The Prologue was just film and recorded sound, playing in a loop as the audience entered the hall. The first movement proper, The Moment, saw soprano Felicia Teo singing the opening lines La Morta E Un Canto Ricordato Del Tempo (Death Is A Song Time Remembers) accompanied by Tze's piano. Italian was chosen for its operatic qualities instead of the more prosaic English, and the film music style of Ennio Morricone was relived.

Io Sono L'Aria (I Am The Air) was a ruminative plaint on Christina Zhou's violin, with the protagonist viewing a wilderness of concrete that replaces clouds in the sky. Much more pulsating and jazzy was Metropolis which brought together saxophonist Teo Boon Chye, who was the evening's busiest soloist, with Wong Wei Lung's drums, Luke Chng's cello and Masato Miyata's bass.

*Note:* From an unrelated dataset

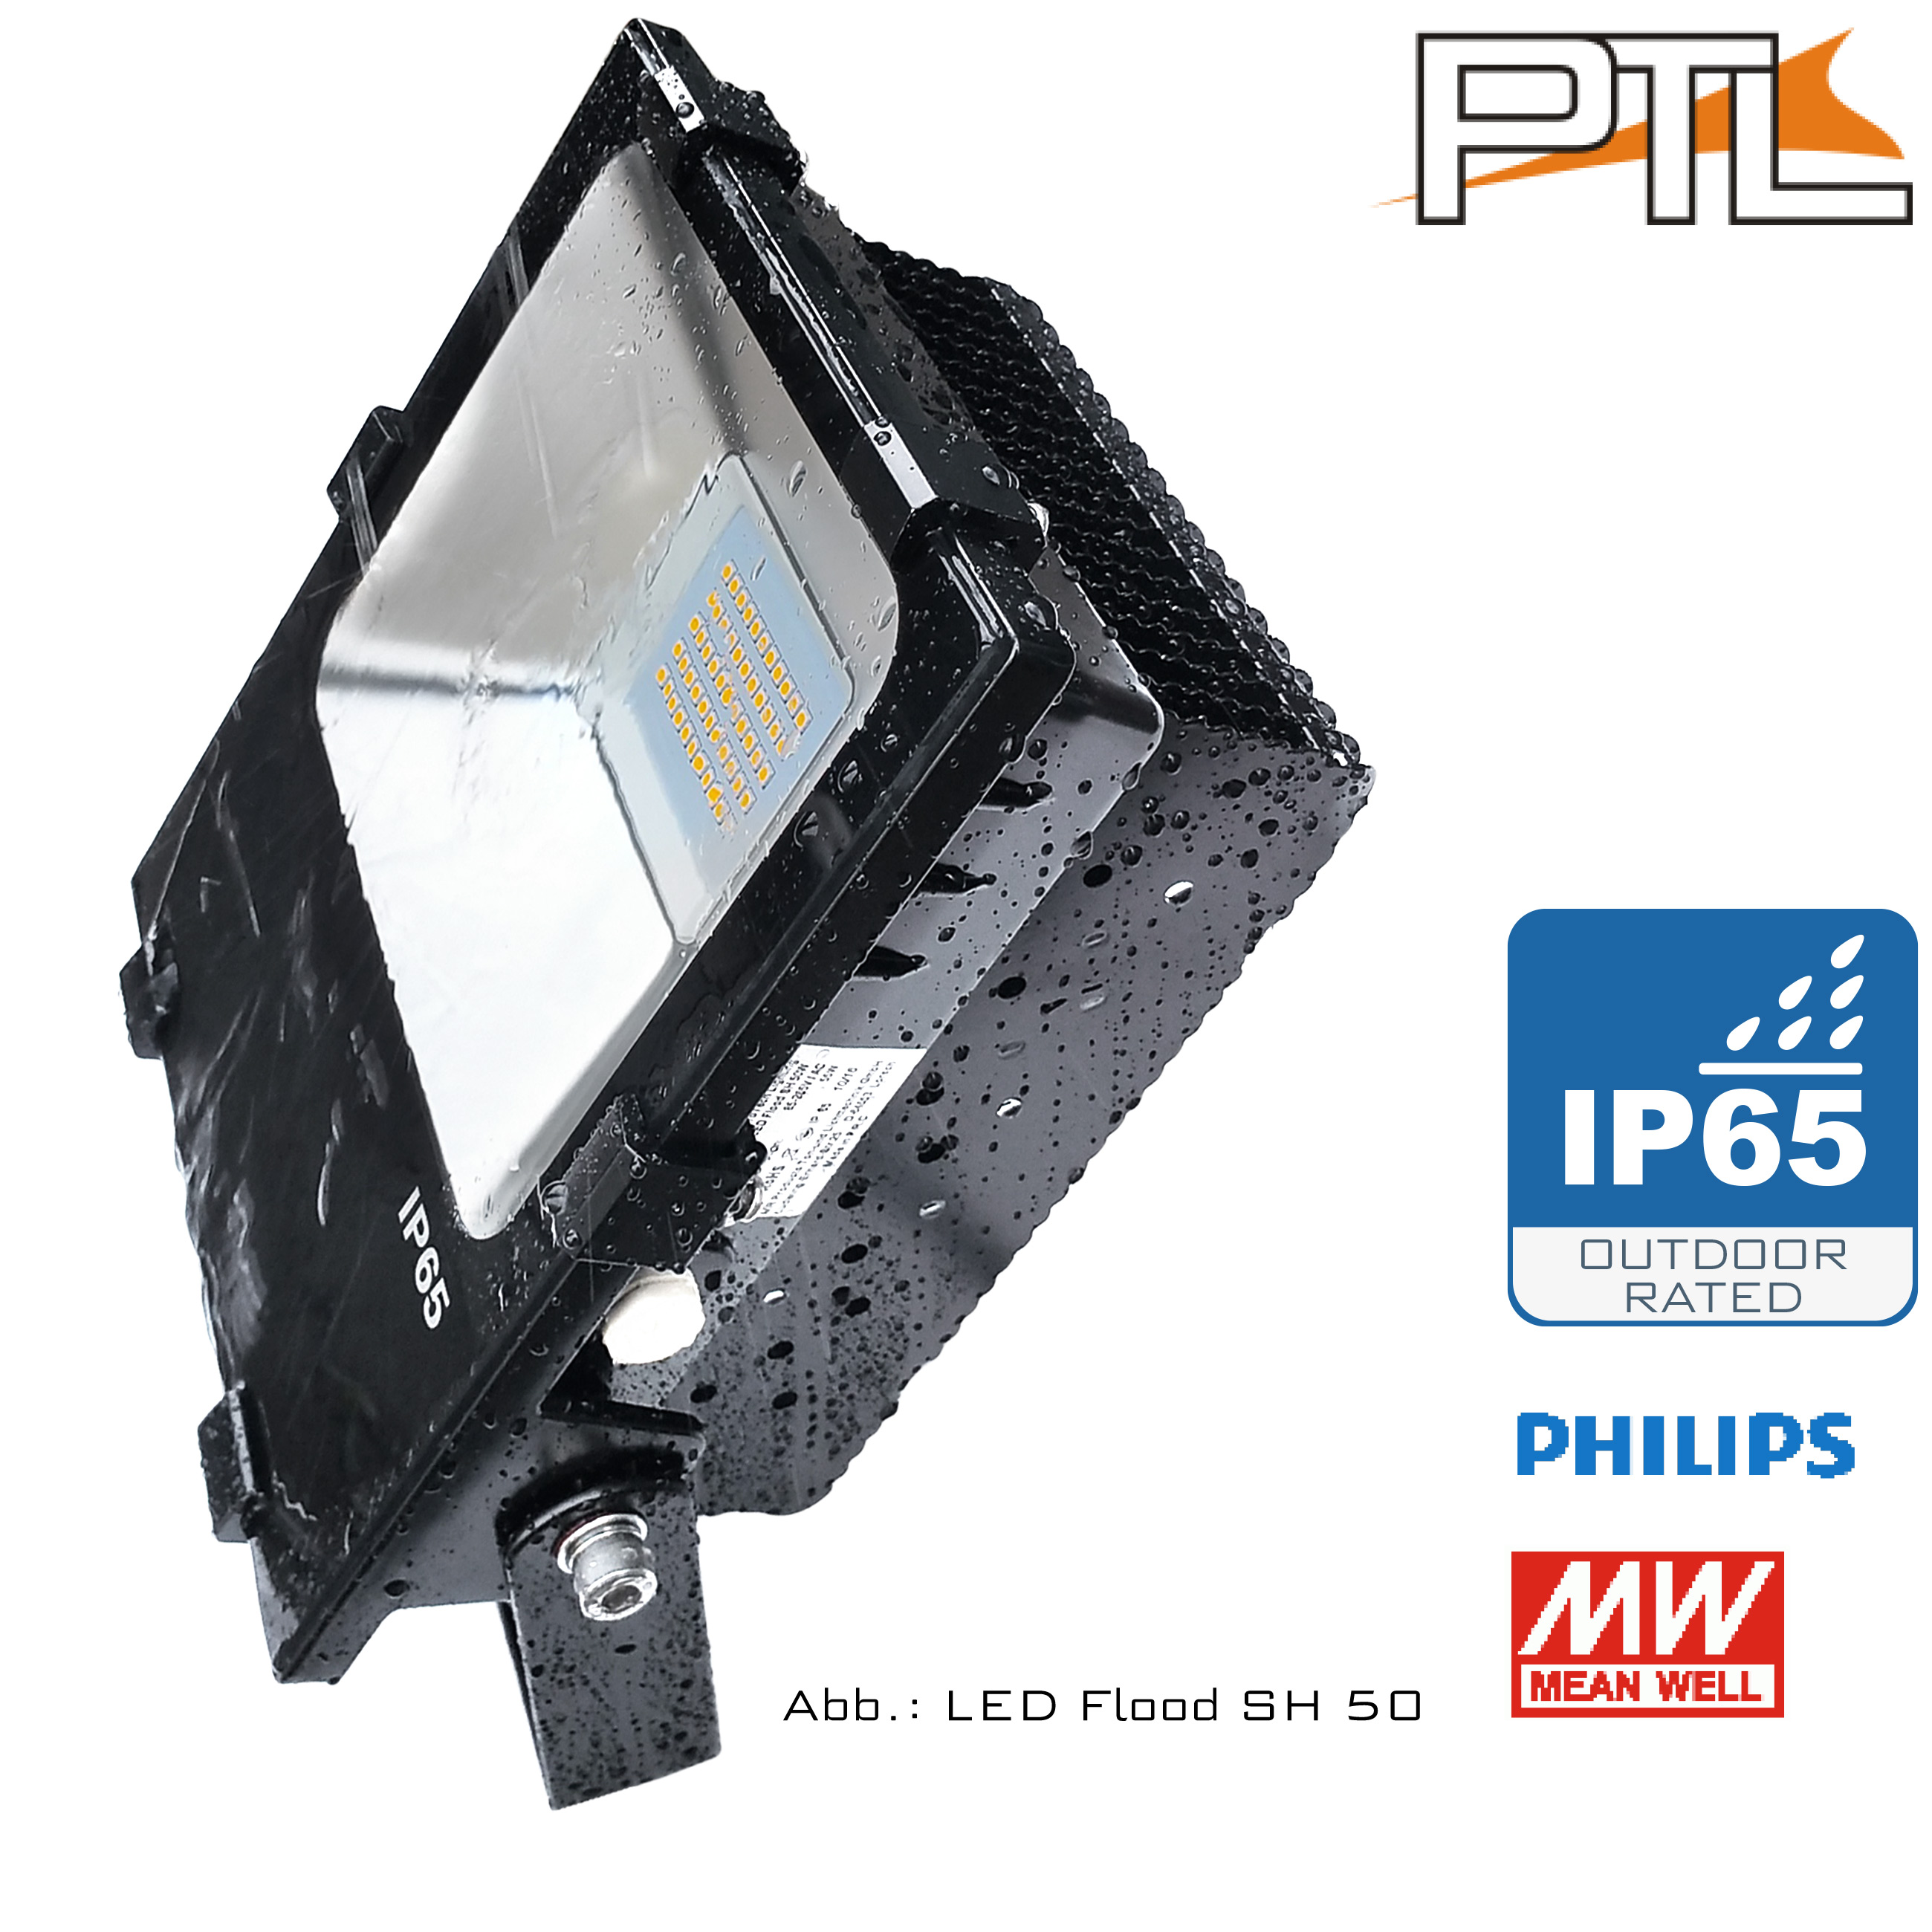 PTL LED Flood SH 10W kalt weiß LED Fluter IP65

This kinetically charged number had the backdrop of a faceless urban landscape viewed from a moving train.

Indian Carnatic violinist Lazar T. Sebastine brought his improvisatory raga skills to Ray / Water, a movement of grace and fluidity portraying a manta ray wandering freely for the last time. Bassoonist Christoph Wichert functioned on more classical lines; placidity in the bleak wintry clime of Snowman was contrasted with violently lurching ostinatos in Factory Dance, an indictment on rapid industrialisation. Violist Tomoko Kakegawa blended prettily with Zhou in Flower, a sad and nostalgic look at Nature, which was symbolically shattered like glass petals on film.

Tze as a composer is resourceful and possessed with an original voice, yet he was unafraid to invoke the skills of Hungarian composer Bela Bartok in Desert, where a quasi-Middle Eastern dance is hammered out with raw and primal vigour. The penultimate movement Time Travel provided a grand gesture for nine instrumentalists working together for the first time. Brimming with energy and vitality, was this a signal of a new hope for man, or merely the mirage of history repeating itself in futile cycles?

The very short finale Oscurita / The Moment II - which brought back soprano Teo as The Weeping Goddess, accompanied by just three string players - provided the clue. It served as a requiem for our lost civilisation, an abrupt full-stop which we can only hope to prevent. Despite the small audience, Land With No Sun was accorded a standing ovation, a sure sign that right and timely messages will not fall on deaf ears.